Epilepsy is a neurological disorder caused by hyperexcitable brain networks that give rise to seizures. Many epilepsies have a genetic cause whereas some develop following a brain injury. Epilepsy affects around 50 million people worldwide and approximately 1 in 3 people with epilepsy do not respond to currently available medication. This leaves many people with uncontrollable seizures that can occur at any time with little warning. An improved understanding of the mechanisms of epilepsy is needed to discover new targets for seizure control and disease modification.
Researchers within the FutureNeuro Research Centre at RCSI have made pioneering discoveries about the role of noncoding RNAs in epilepsy (see http://www.futureneurocentre.ie
). Most recently, we identified a completely new class of signalling molecule derived from transfer RNAs (tRNAs) – noncoding RNA molecules that help build the amino acid chains that make up proteins in all cells. We found fragments of tRNAs were elevated in patients with epilepsy in advance of a seizure occurring (Hogg et al, J Clin Inves 2019). This suggests it might be possible to predict when a seizure will occur by monitoring levels of these tRNA fragments in the blood. Efforts are now underway to develop a device capable of rapidly measuring these fragments in blood samples to enable people with epilepsy to assess their seizure risk at home. A short video explaining our research can be found at https://youtu.be/rzbKVCzgfCE
, and our discovery was reported in the Irish Times here: https://www.irishtimes.com/news/health/irish-breakthrough-in-predictingepileptic-seizures-may-lead-to-simple-test-1.3920010
The objective of this StAR PhD project will be to establish when, how and why these tRNA fragments are generated in the epileptic brain and what they are doing. We know that tRNAs are cleaved as part of a highly conserved stress response.
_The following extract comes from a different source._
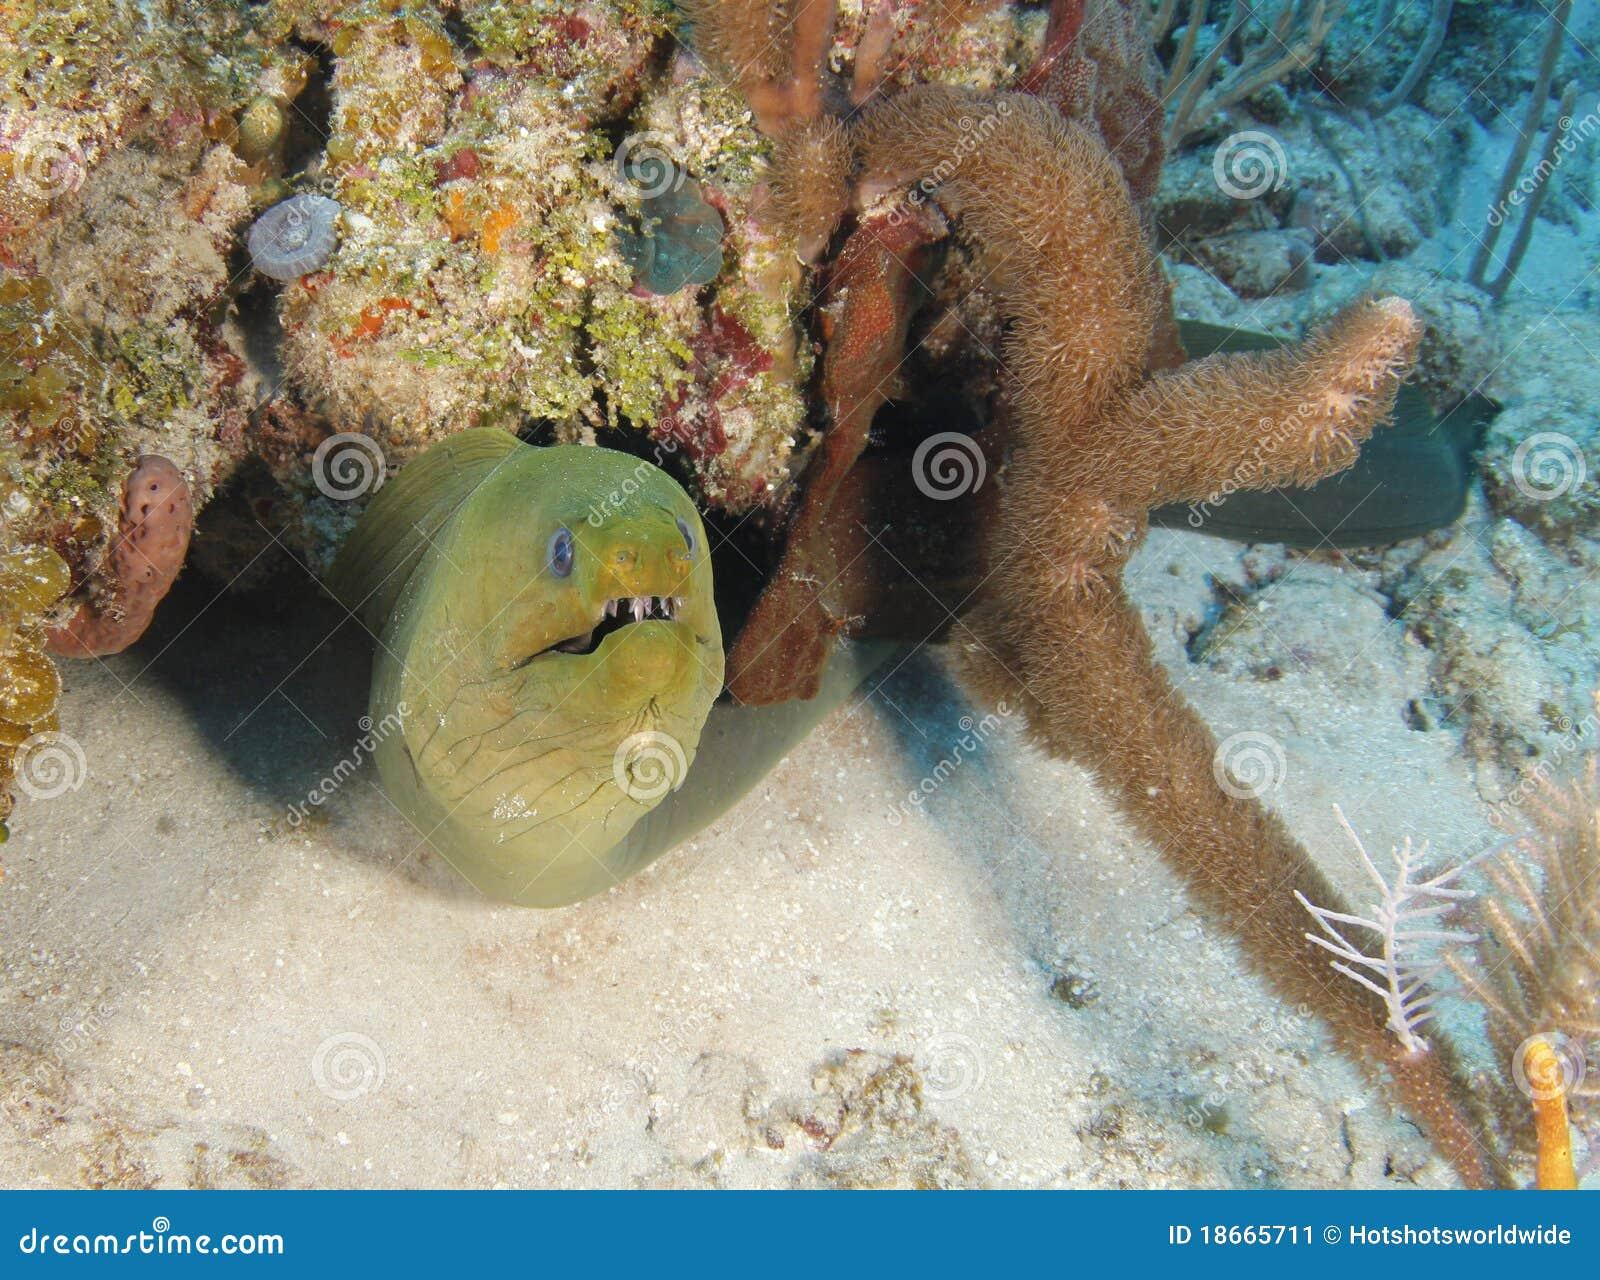 Giant underwater snake - photo#4

Starting with this knowledge, you will model and study seizure-like activity in models of human epilepsy, employing a variety of cell and molecular techniques to identify the link between neuronal activity, stress and tRNA fragment production and release. To understand their function, you will knock-down or over-express individual and combinations of tRNAs using pharmacologic, imaging, genetic and electrophysiological techniques, to study what happens to cell and network behaviour when they are manipulated. The results will advance our understanding of this major new class of molecule linked to epilepsy and new approaches to treatment and prevention.
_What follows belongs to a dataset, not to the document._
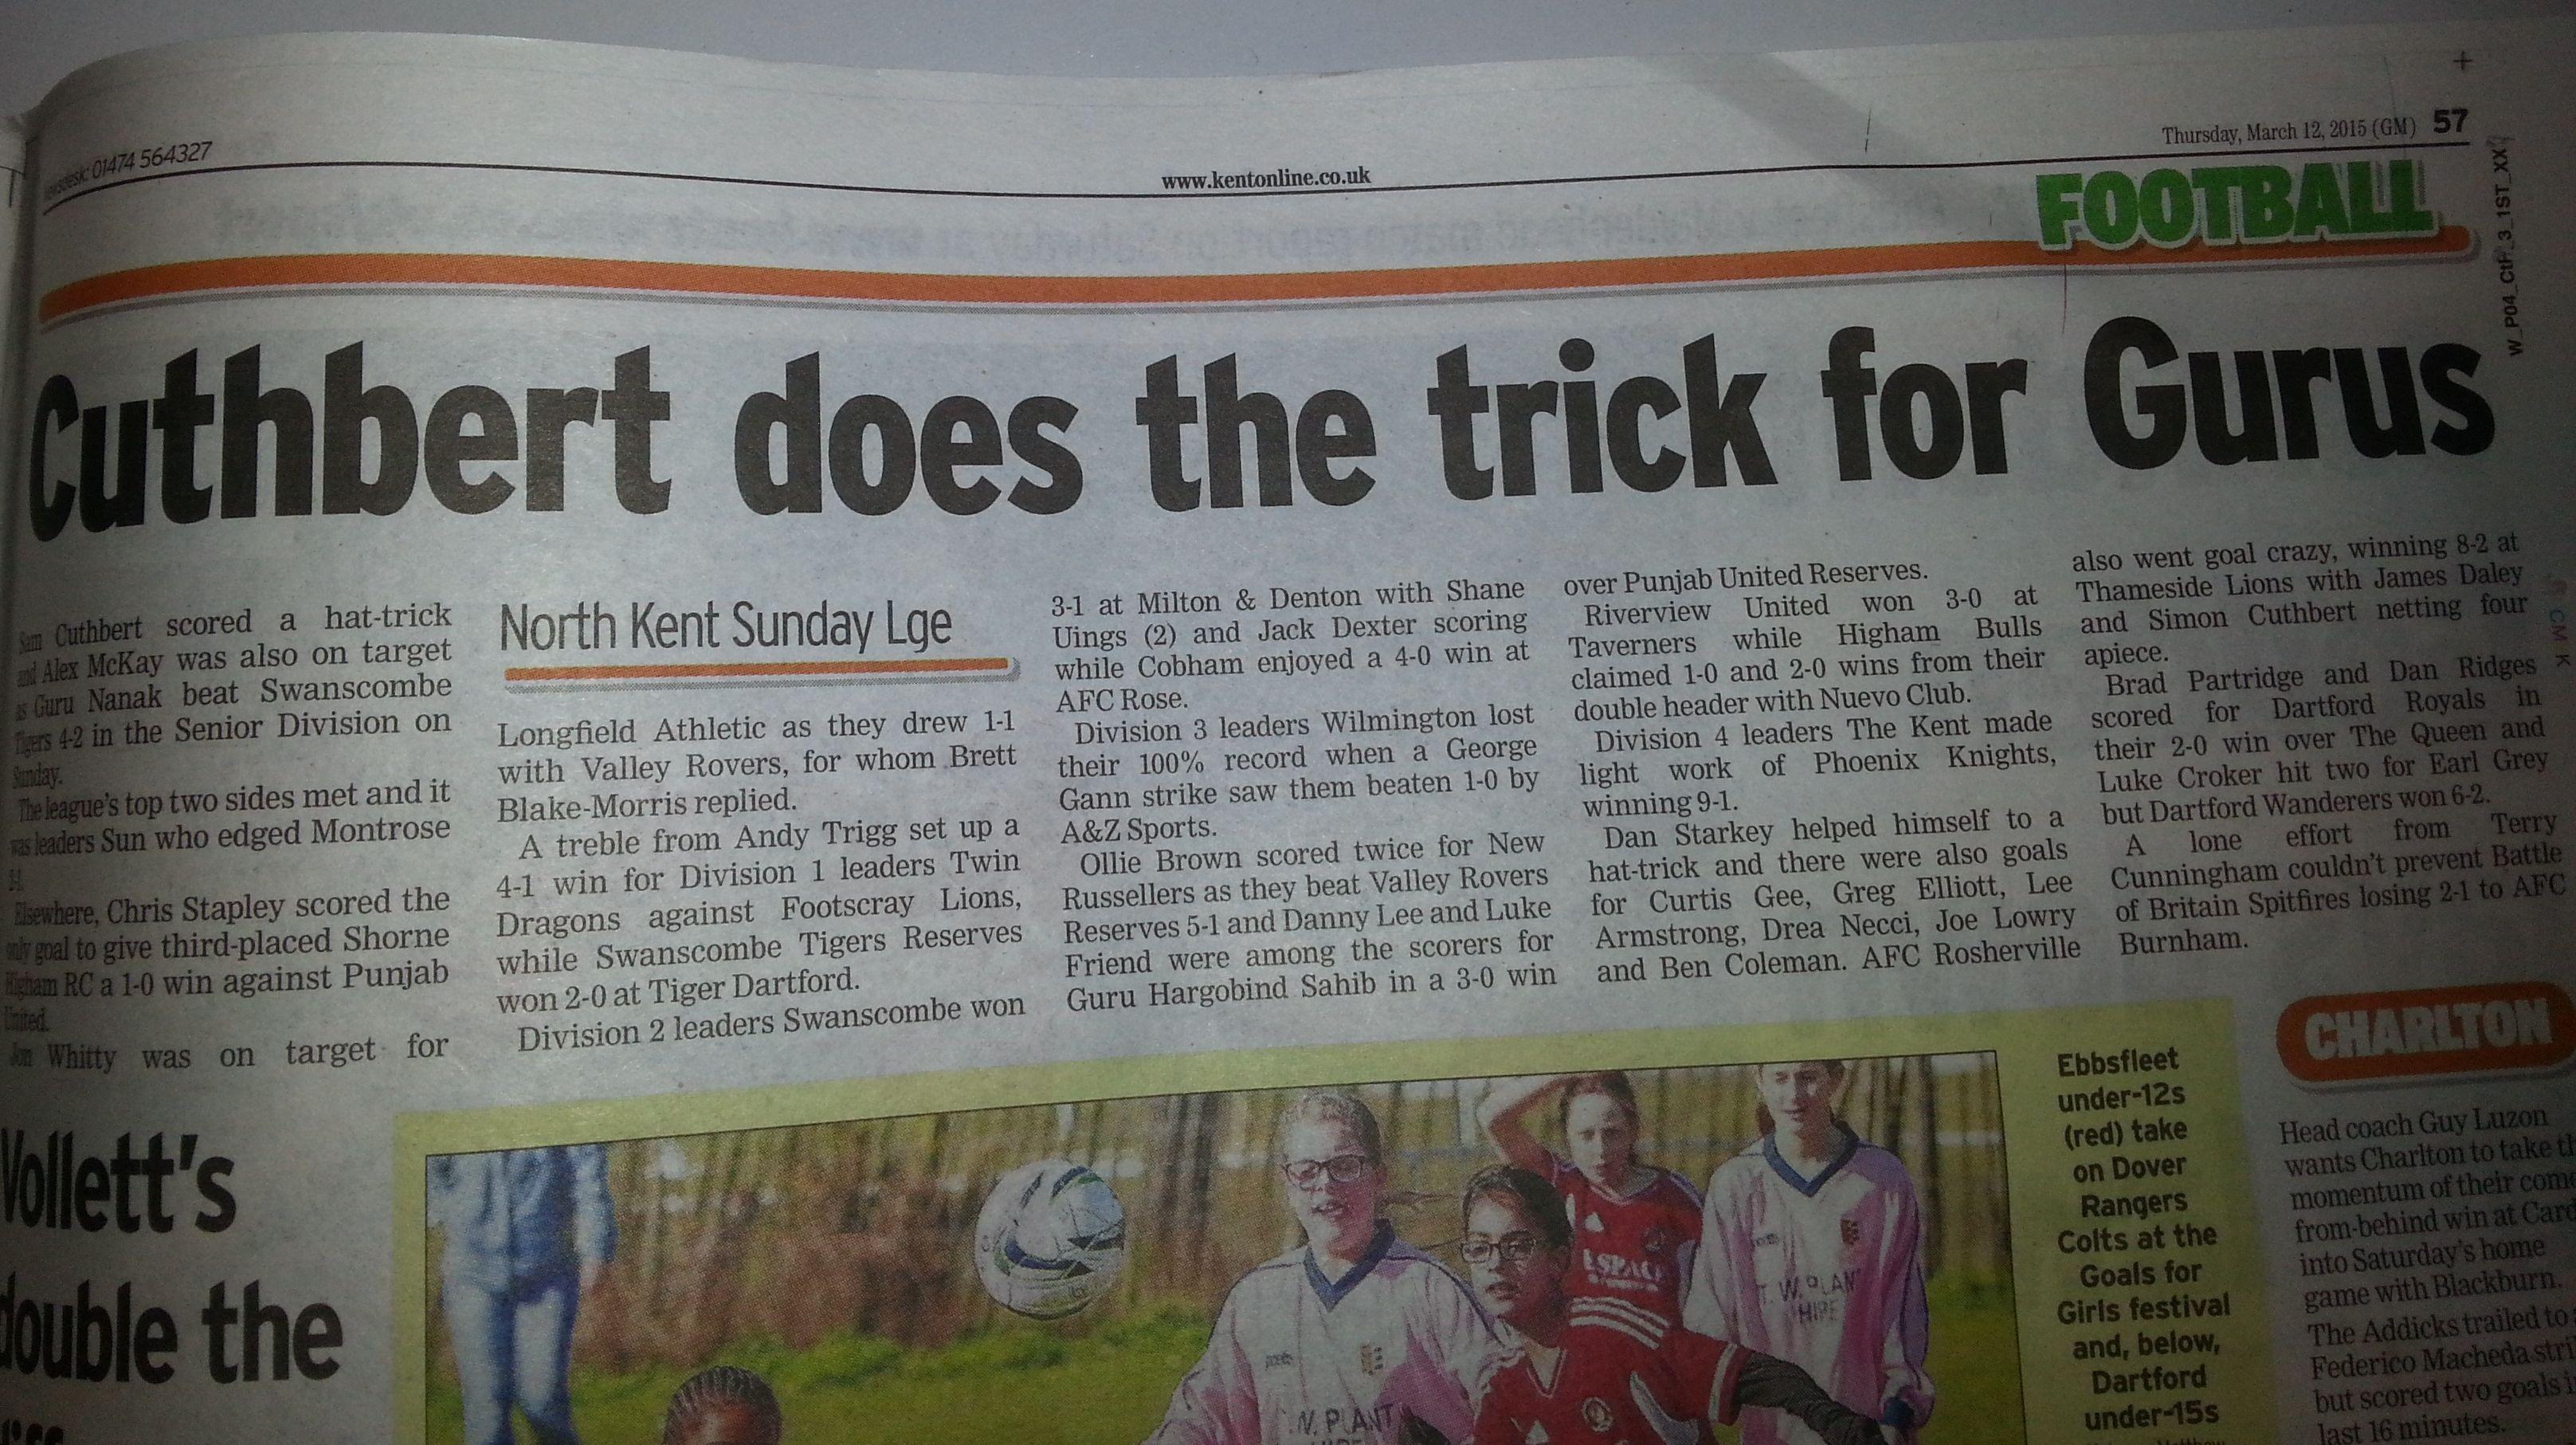 Sam Cuthbert Hatrick Headline - March 2015

Your research project will be supervised by experts in tRNA biochemistry and epilepsy and carried out in the world-class laboratories at RCSI including the SFI-funded FutureNeuro Research Centre. This provides access to multi-disciplinary teams of scientists including geneticists, neuroscientists, pharmacologists, biochemists, imaging experts and clinicians. You will gain experience with cellular models of epilepsy including primary cell culture and iPSC-derived neurons, cell and molecular imaging, small RNA purificationand analysis techniques, antisense knockdown, and electrophysiology. When completed, you will have gained a broad range of molecular, cellular and neuroscience techniques along with specialised techniques for epilepsy research, such as electrophysiology and have contributed to understanding new disease mechanisms.